Be willing to accept compromises and transition incrementally. Even if getting to your dream platform requires a total overhaul, it would be time-consuming and risky to change your libraries, training pipelines, model architecture, serving application, and orchestration system all at once. You can’t tackle everything, so take a hard look at the highest priority improvements on your wishlist and where the biggest risks lie. In our case, we cared most about model architecture flexibility and iteration speed, so we first replaced our modeling library and training pipelines and followed up later with featurization and serving.
How it’s going
Influencing platform direction as a product team
After securing buy-in from leadership, we set out on the first phase of our plan to replace our modeling library and training pipelines with TensorFlow and Google Cloud services, leaving our feature set and serving application intact. Building end-to-end quickly paid off: in just a few months, we eliminated our biggest concerns around serving performance and cloud cost. In fact, our first online experiment with the new platform delivered both KPI and performance wins. Even better, our model iteration velocity skyrocketed, as we were able to explore the impact of a wide range of model hyperparameters with a single command.
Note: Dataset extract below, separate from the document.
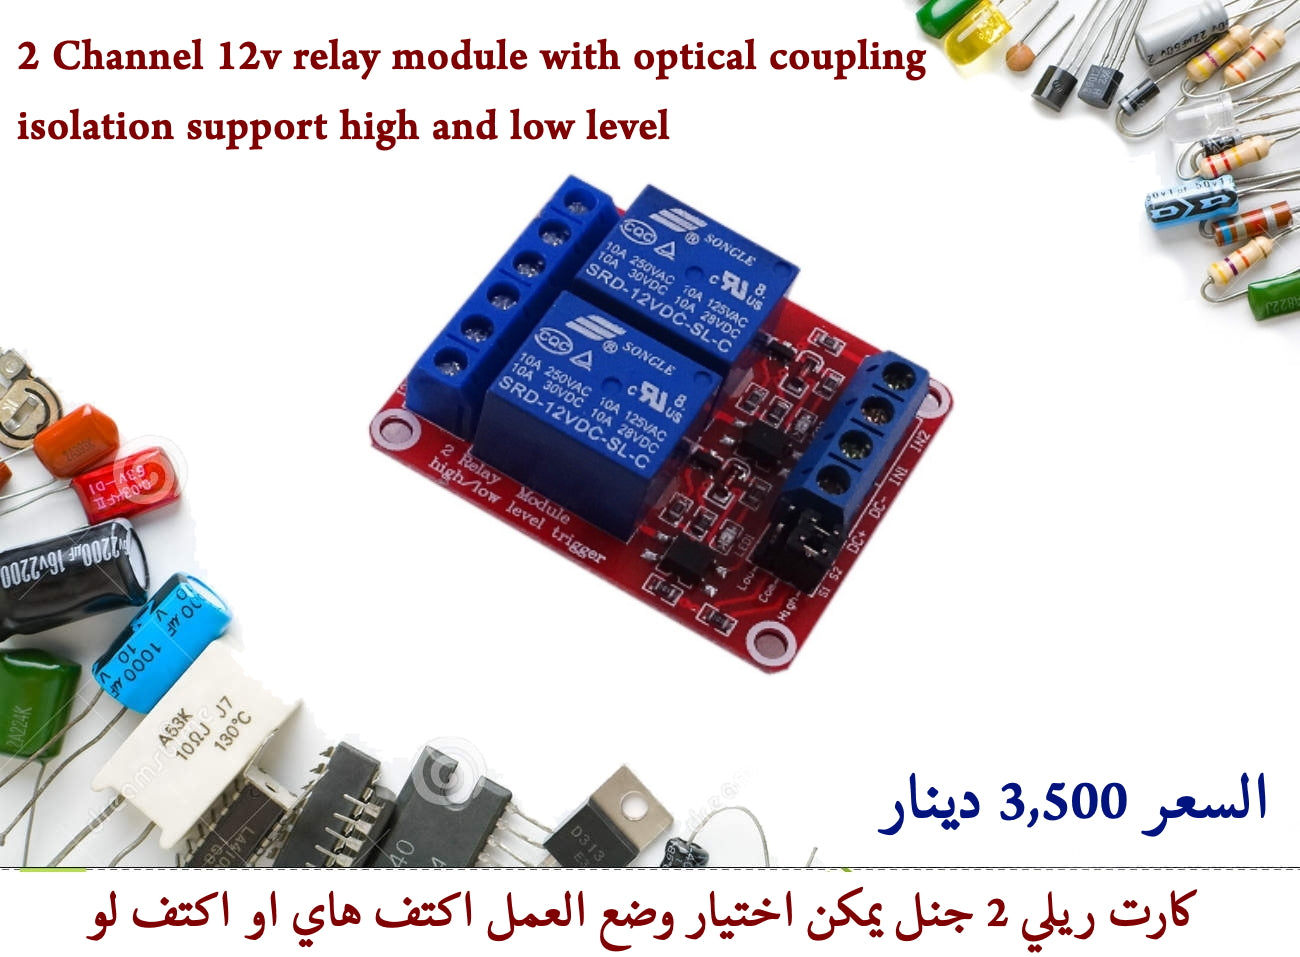 2 Channel 12v relay module with optical coupling isolation support high and low level #M5 011065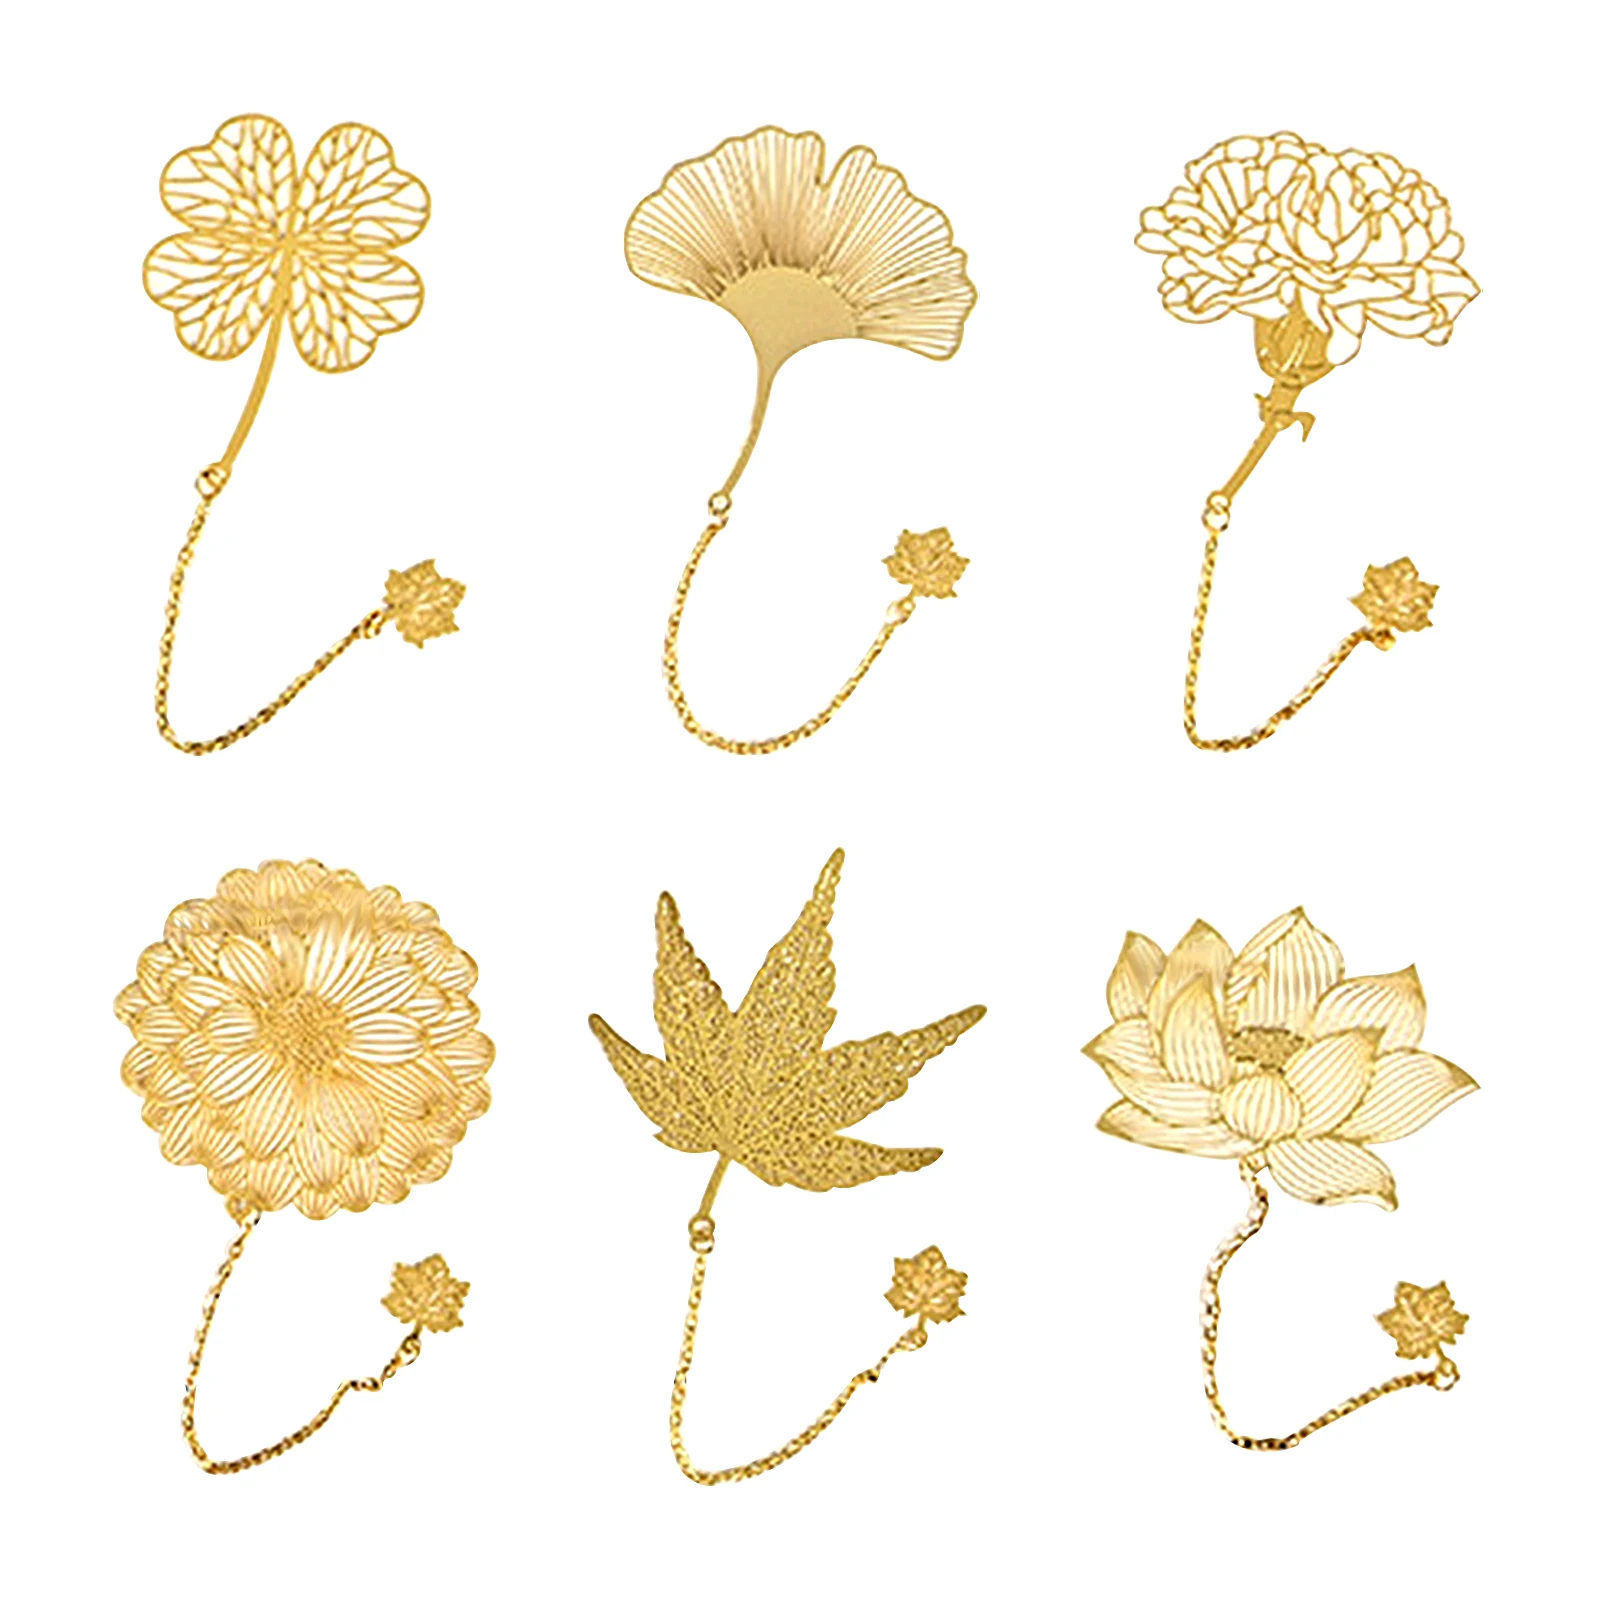 

6pcs Chinese Reading Metal Bookmark For Book Lovers Maple Leaf With Chain Elegant Brass Ginkgo Retro Men Women Lotus Hollow Gift

The success of the project helped influence our company’s machine learning platform vision. As other teams learned about the new types of models we explored and how our biggest concerns proved to be non-issues, they began to share our vision of a third-party platform. The growing excitement for TensorFlow has encouraged our machine learning platform team to consider making TensorFlow/TFX a first-class supported platform going forward.
Don’t underestimate migration fatigue
The six months that have followed our initial experiment win haven’t been all sunshine. The machine learning world moves quickly, and one thing we hadn’t planned on is that just a few months after we built our first models on TensorFlow, the platform would change the major version and several minor versions recommended for high-scale production use cases. We encountered library and platform bugs as we explored new model architectures that were only addressed in later library releases, some of which brought subtle changes in model learning algorithms or evaluation metrics that drastically increased the scope of upgrading. The compromises we had made by incrementally upgrading our platform, combined with the unplanned library upgrades, caused the team to feel like we were constantly in migration mode.
Conclusion
Moving from an in-house to a third-party machine learning platform can carry substantial risks and incur migration fatigue, but it can also allow your modeling capabilities and iteration speed to skyrocket as ours did. Before taking such a big leap, make sure to carefully consider whether a third-party platform is appropriate for your product’s maturity, your team size, and for how you plan to mitigate risks surrounding serving feasibility and cost. Making such a decision a reality requires significant investment and organizational support, but with it, you may be able to deliver better models faster than ever.